I suppose some would call these a breakfast burrito but you could have these anytime. We love to wrap and freeze these so we have a satisfying meal at a moments notice!! Yummy!!

Provided by Angie Blaylock @angie12210

Categories     Breakfast

Number Of Ingredients 10

1 pound(s) breakfast sausage
1 pound(s) andouille sausage
1 medium chopped onion
1 can(s) rotel tomatoes and green chilies-drained
1 can(s) mild green chilies-diced
10 large soft tortillas
1 cup(s) sour cream
1 1/2 cup(s) co-jack cheese (or your favortie)
6 large eggs, beaten
1 large green/red pepper chopped (optional)

Steps:

  • Chop the andouille Sausage into small pieces and add to breakfast sausage in a large sauce pan.
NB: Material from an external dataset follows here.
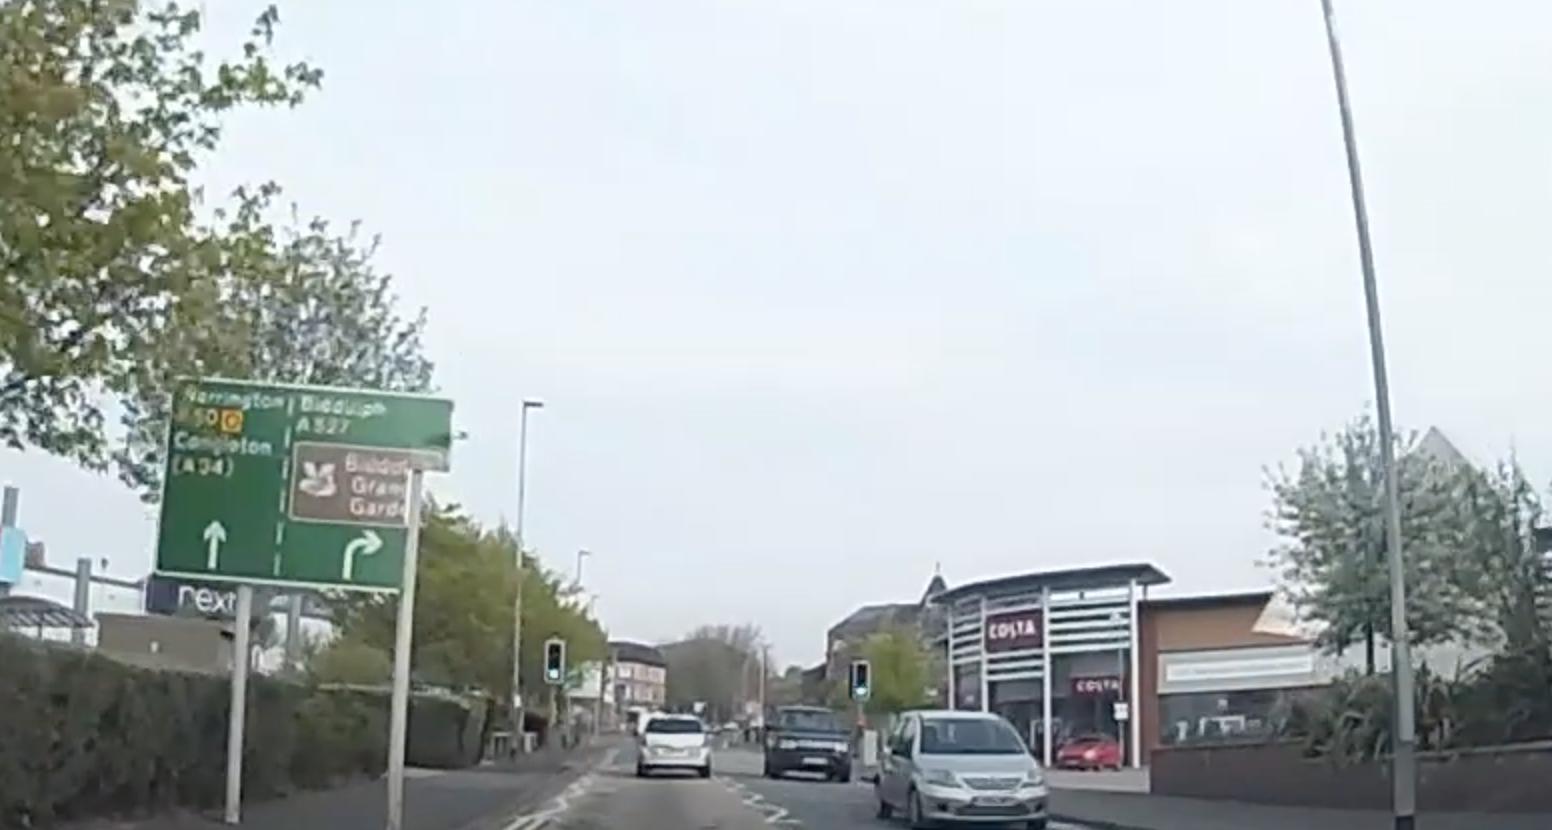 Follow signs to warrington 1
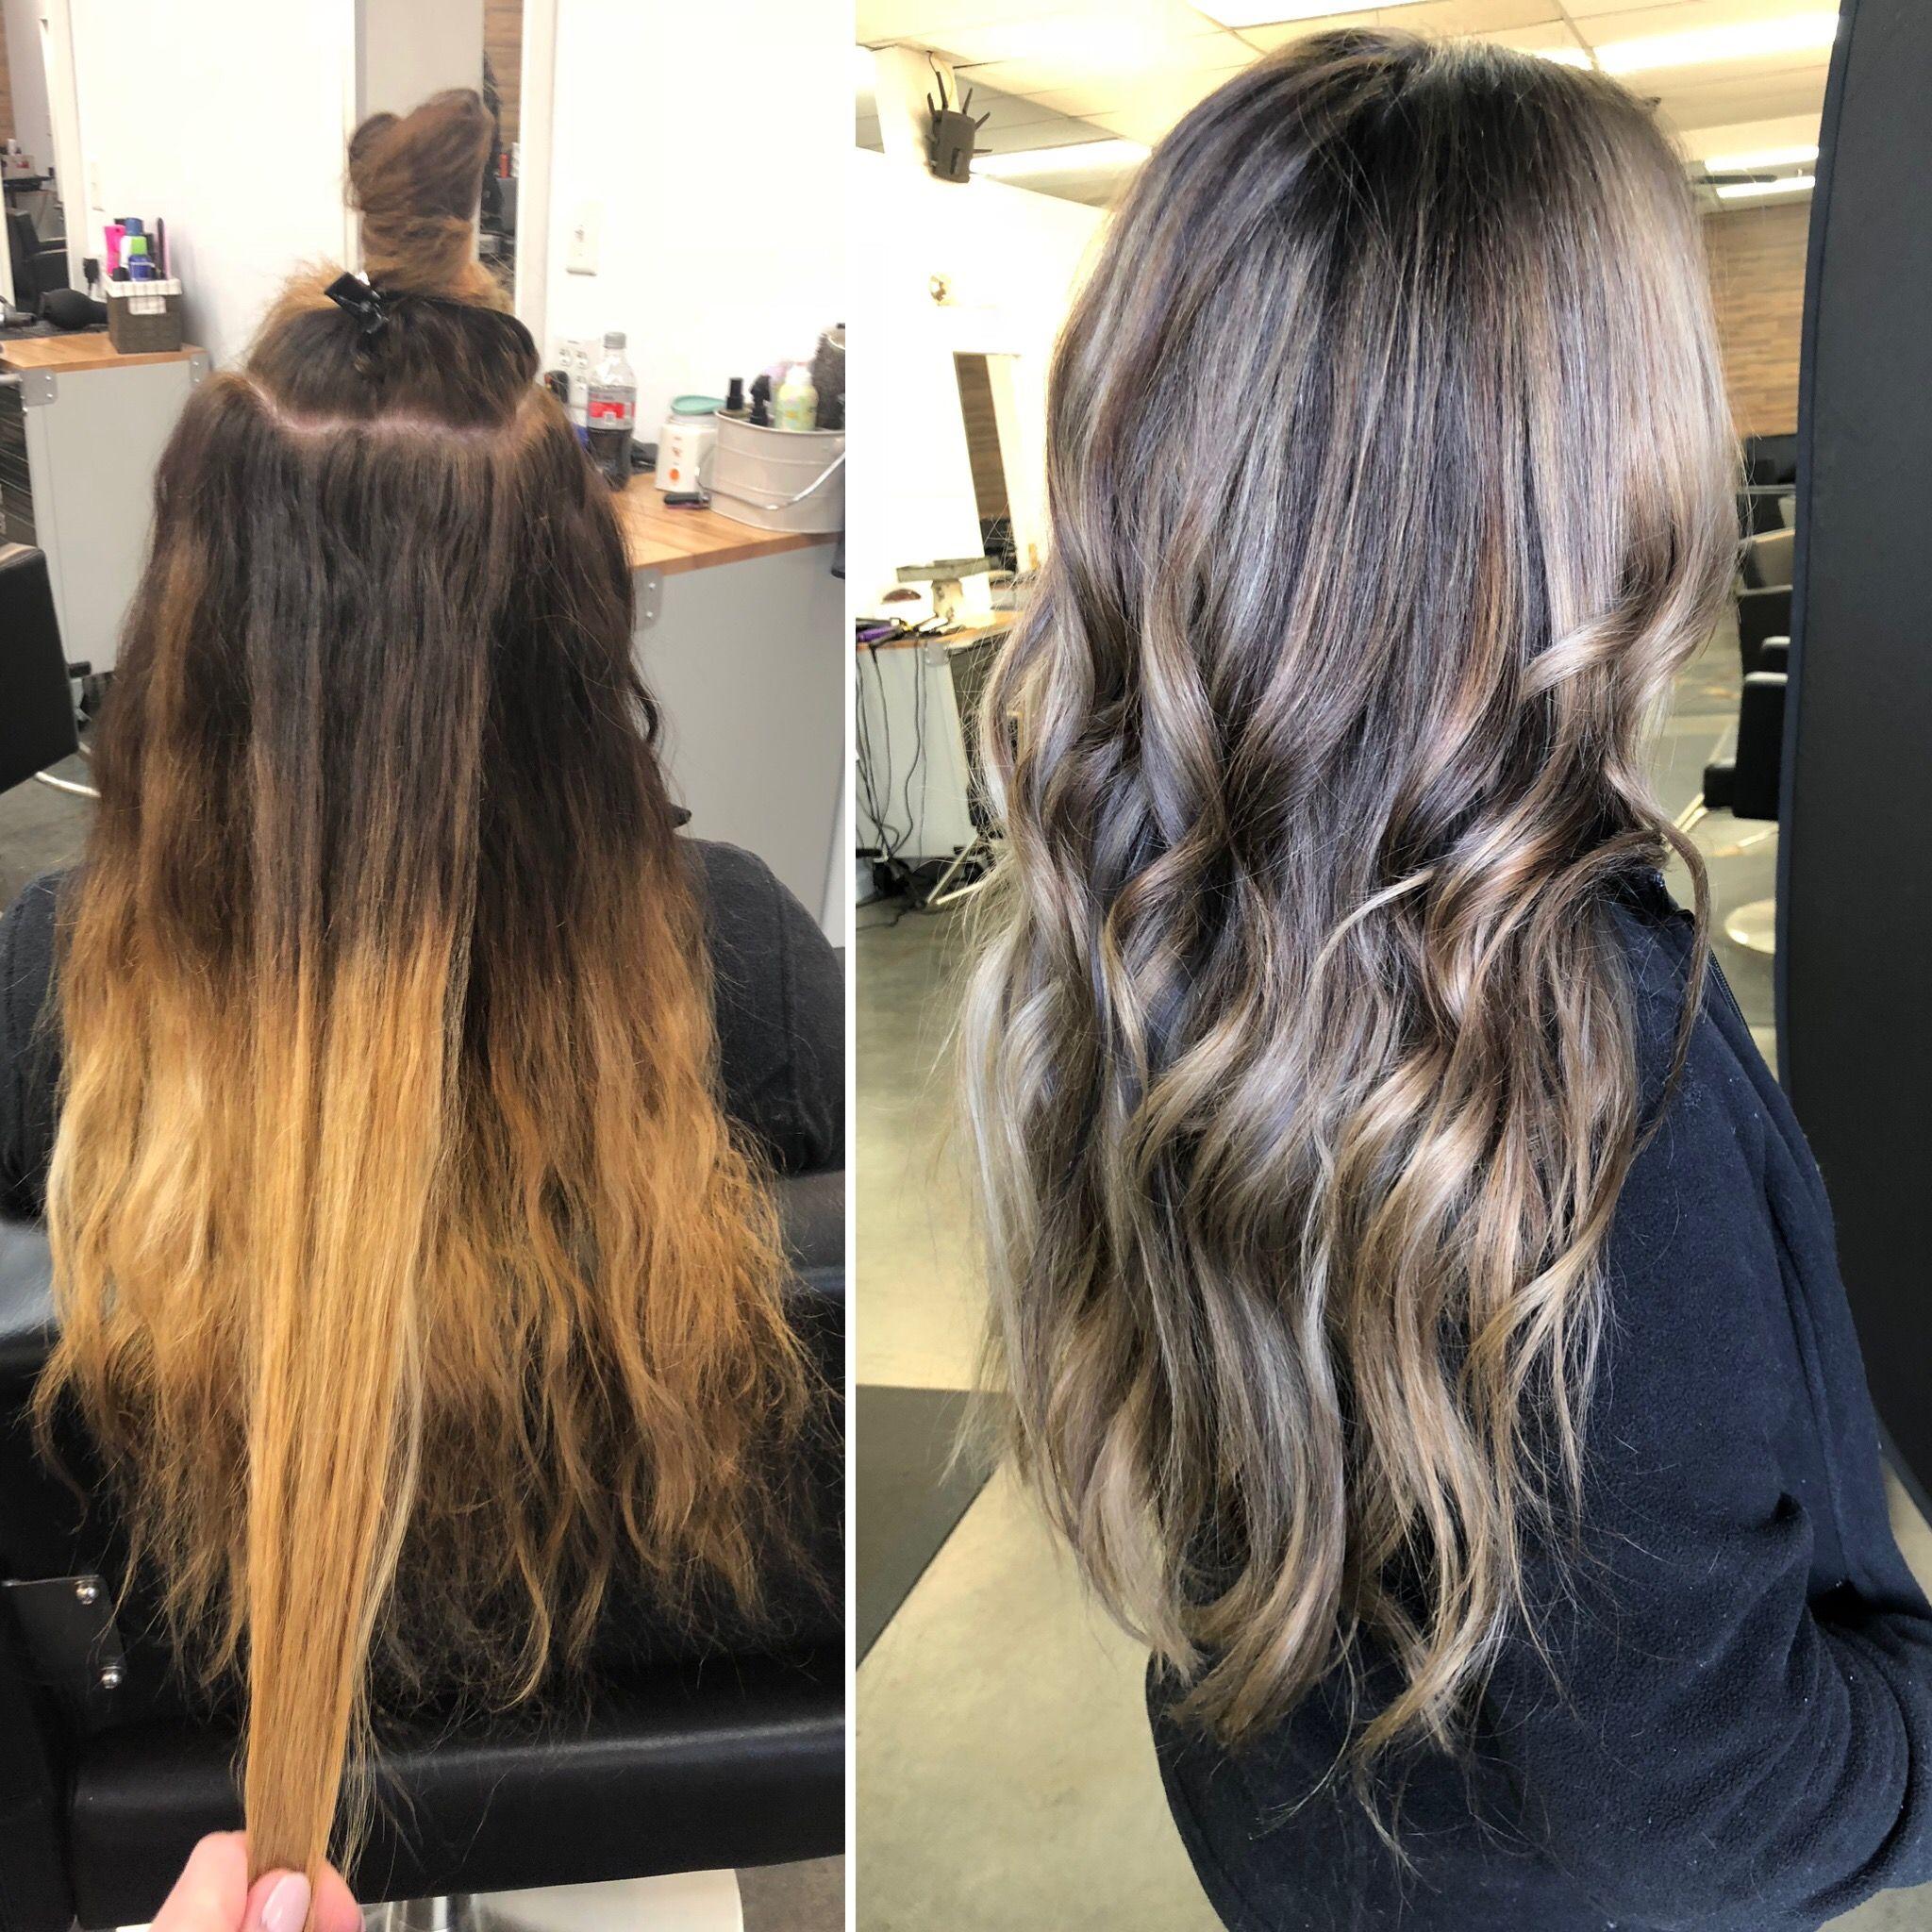 Fix Bad Bayalage Color Correcting The Hard Bayalage Lines Hair Styles Long Hair Styles Hair

Add chopped onion, along with the chopped green and red peppers. Cook until sausage is completely cooked through and veggies have softened.
  • Add drained tomatoes/green chilies and the mild green chilies to the pan and stir to combine.
  • In a bowl, beat the eggs well and add to sausage mixture. Stir frequently to blend eggs throughout the mixture as they cook.
  • Place approximately a 3/4 cup full of the sausage/egg mixture onto the center of a tortilla. Add a dollop of sour cream along with approximately a 1/4 cup of cheese and roll up burrito style. Continue with this process until all the sausage/egg mixture is gone.
  • Place rolled burrito's close together in a 13x9x2 greased pan and bake at 350 for 30-40 minutes. Serve warm.
  • Any leftovers can be wrapped individually and dropped into a gallon sized Zip-Loc bag for freezing. Defrost in the microwave for 4 minutes and reheat for 1 minute.